OCaml has an interesting approach to the organization of its modules.

In my opinion, the module system is the most remarkable feature of OCaml. This is why I’m going to talk only about it in this post. It’s also a good opportunity to see how it relates to Haskell’s type classes.

Simple example

Let’s start with an example. A simple module containing a type for something like Haskell’s Text could look like this:

type t = ...

(* OCaml programmers rarely add type annotations to functions *)

let empty = ...
let singleton char = ...
let index text n = ...
let length text = ...

The t type is a common idiom in OCaml. Modules are usually fine-grained, so that every type gets its own module. Later we will see more reasons for doing it this way.
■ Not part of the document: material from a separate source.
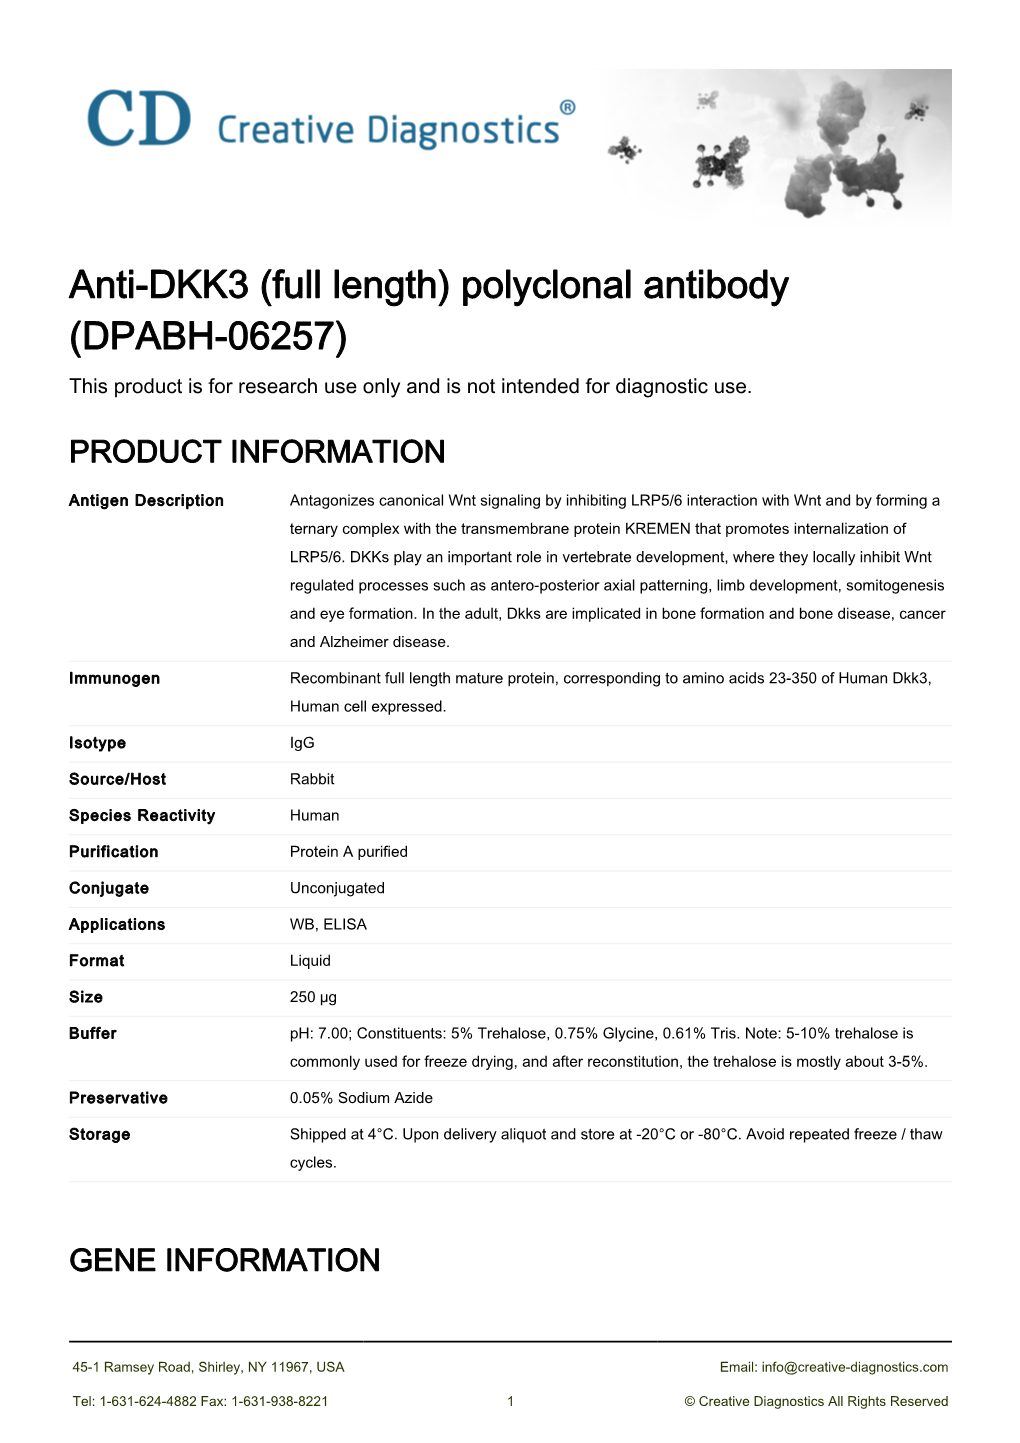 Anti-DKK3 (Full Length) Polyclonal Antibody (DPABH-06257) This Product Is for Research Use Only and Is Not Intended for Diagnostic Use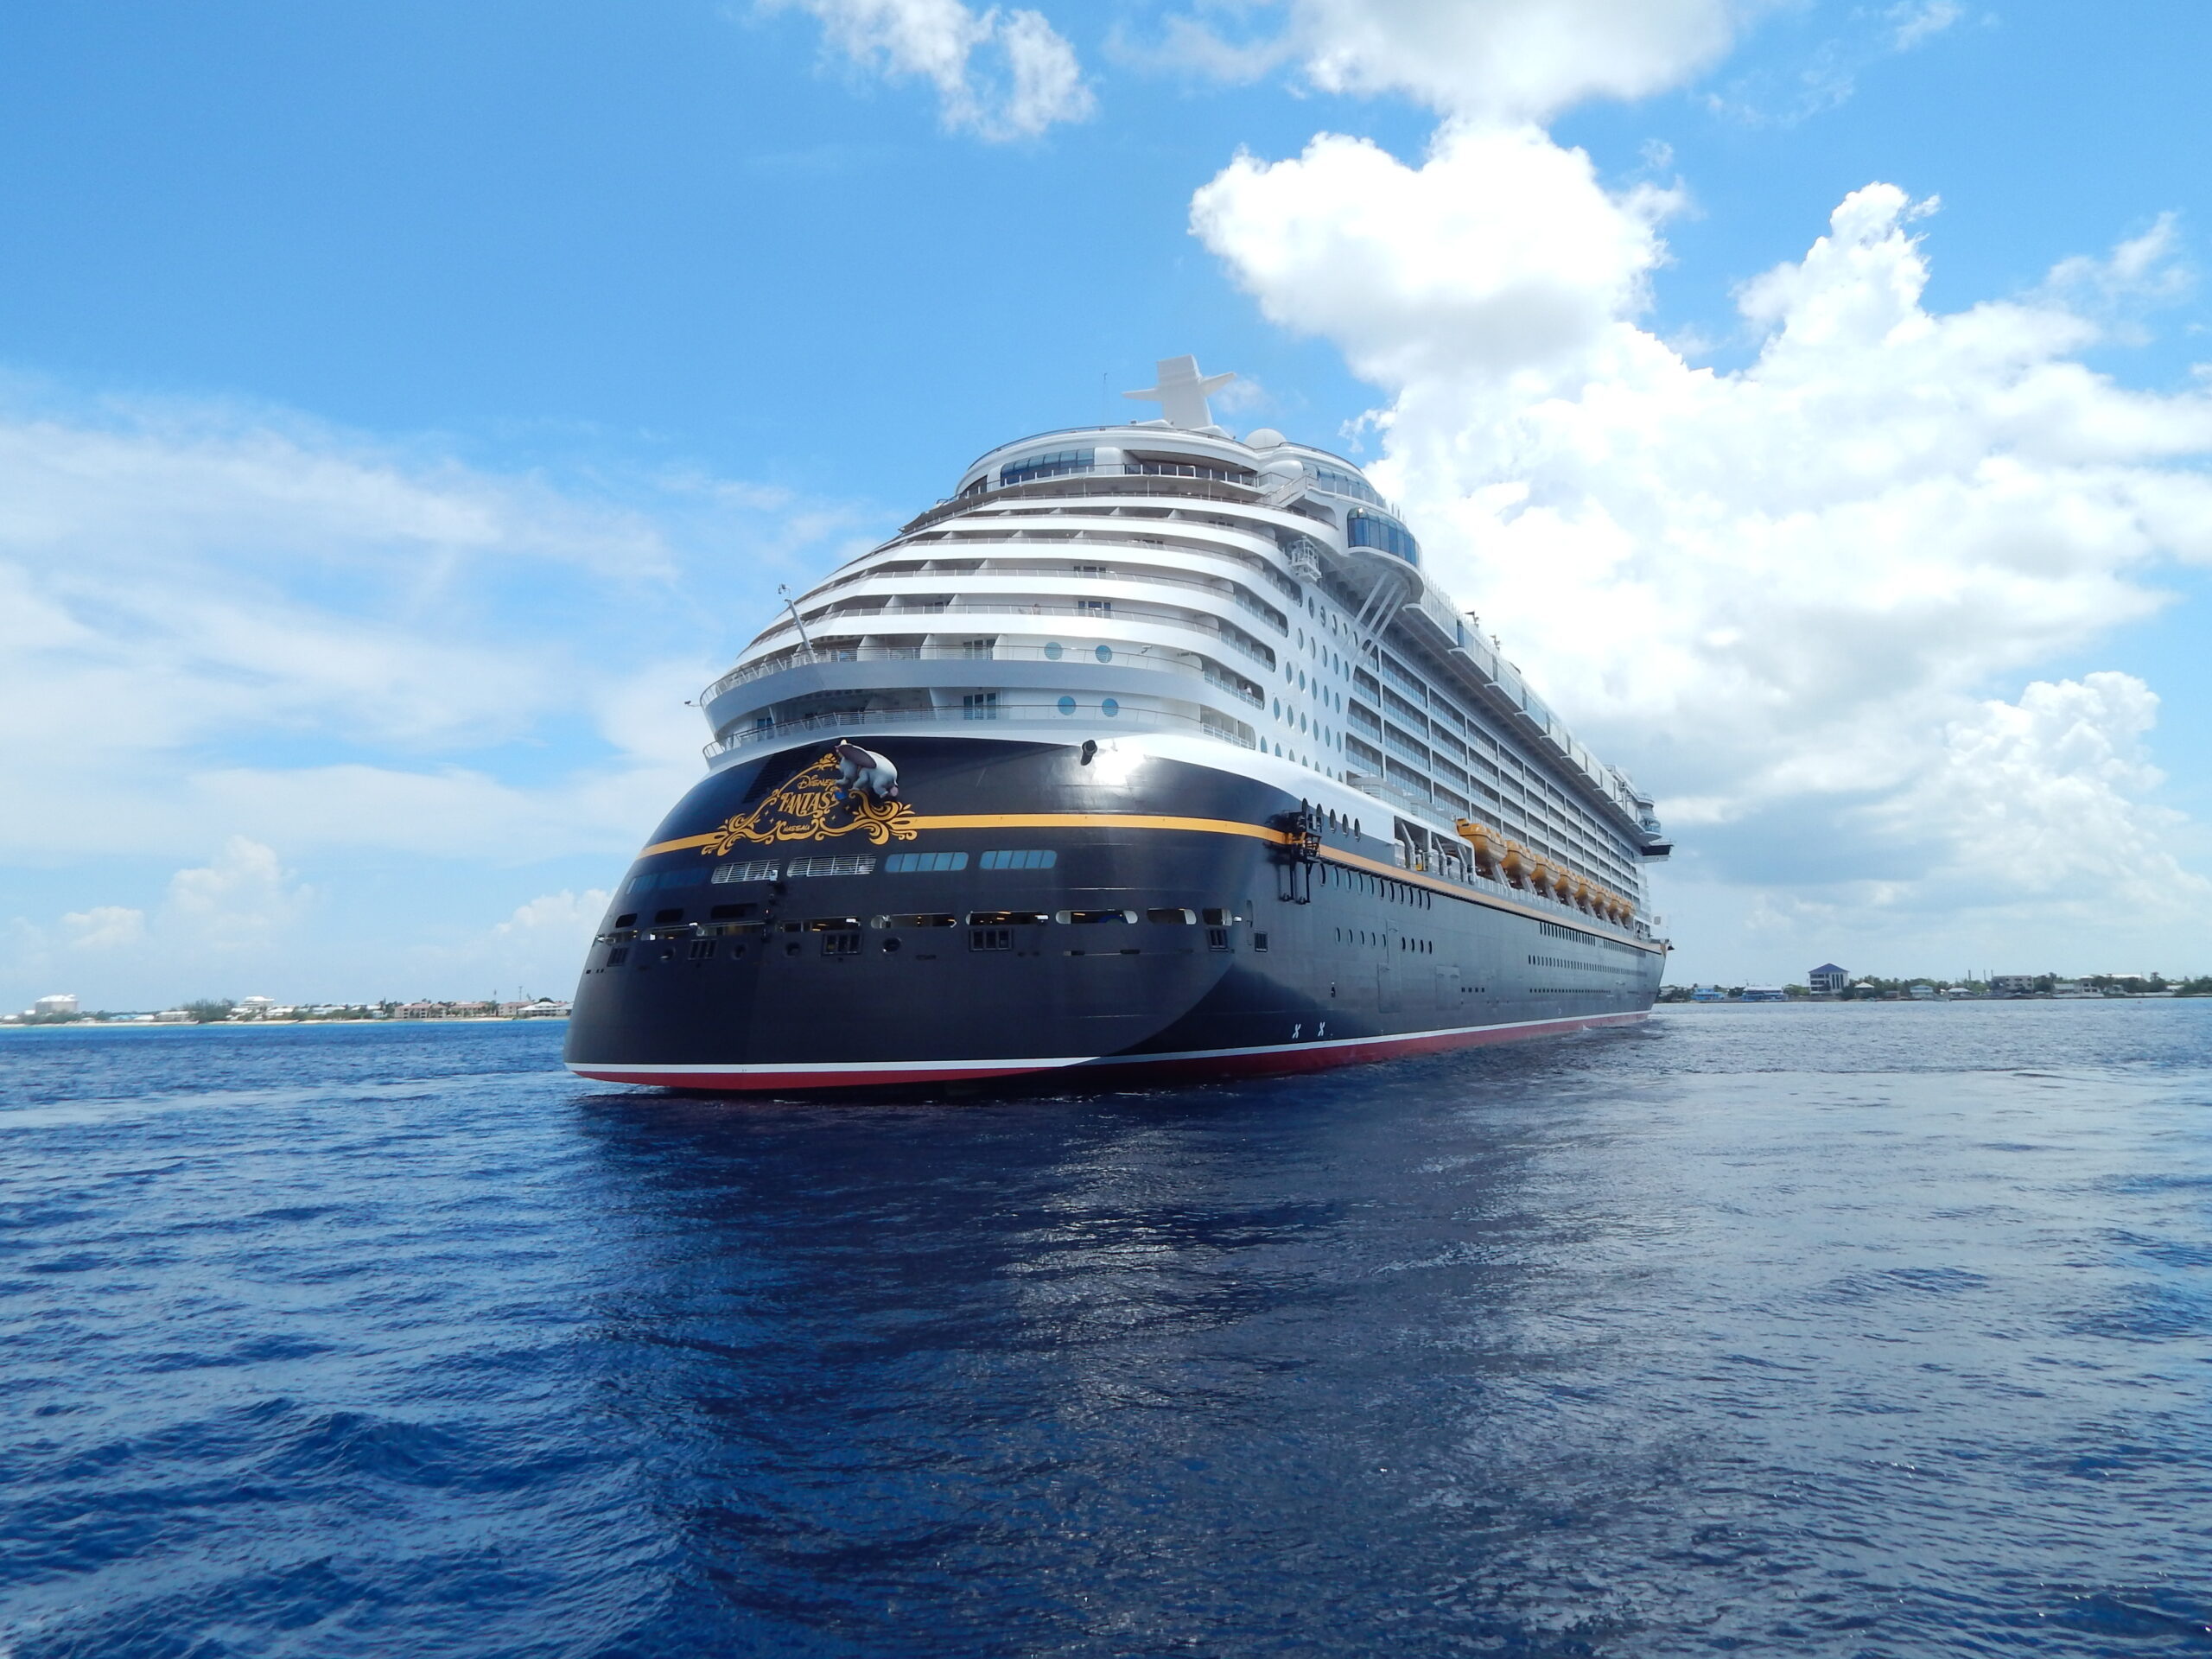 Disney cruise ship sitting in water with a beautiful blue sky and clouds

A Haskeller might think now of what bothers Haskellers the most: if every type gets its own module, how long is the typical import section of a module? The answer is: around 1 or 2 lines!

Suppose we store the module above in a file called text.ml, then we can refer to the text type as Text.t and to the functions as e.g. Text.empty. You only use top-level open (analogous to Haskell’s simple, unqualified import) for very few selected modules specially designed to be “opened” globally. It usually includes a sort of prelude. Everything else is accessed by specifying the name of the module locally, and who can argue that this is not a good practice?

OCaml has some nice syntax to encourage opening modules locally:

let average x y =
  let open Int64 in
  x + y / of_int 2

Here, we can refer to Int64.(/) as (/) and to Int64.of_int as of_int inside of let open. The alternative syntax uses parentheses to do the same:

let average x y =
  Int64.(x + y / of_int 2)

Module signature and implementation

Another detail is that we do not see an export section in the snippet above. In fact, OCaml keeps module signatures separated from module implementations. Module signatures are usually stored in a different file with extension .mli. text.mli in our case could look like this:

type t

val empty : t
val singleton : char -> t
val index : t -> int -> char
val length : t -> int

Module signatures work as a boundary that hides implementation details. For example, above we just say that the type we operate on is t and we do not export its constructors (that would happen if we wrote = with definition after type t), so it stays abstract.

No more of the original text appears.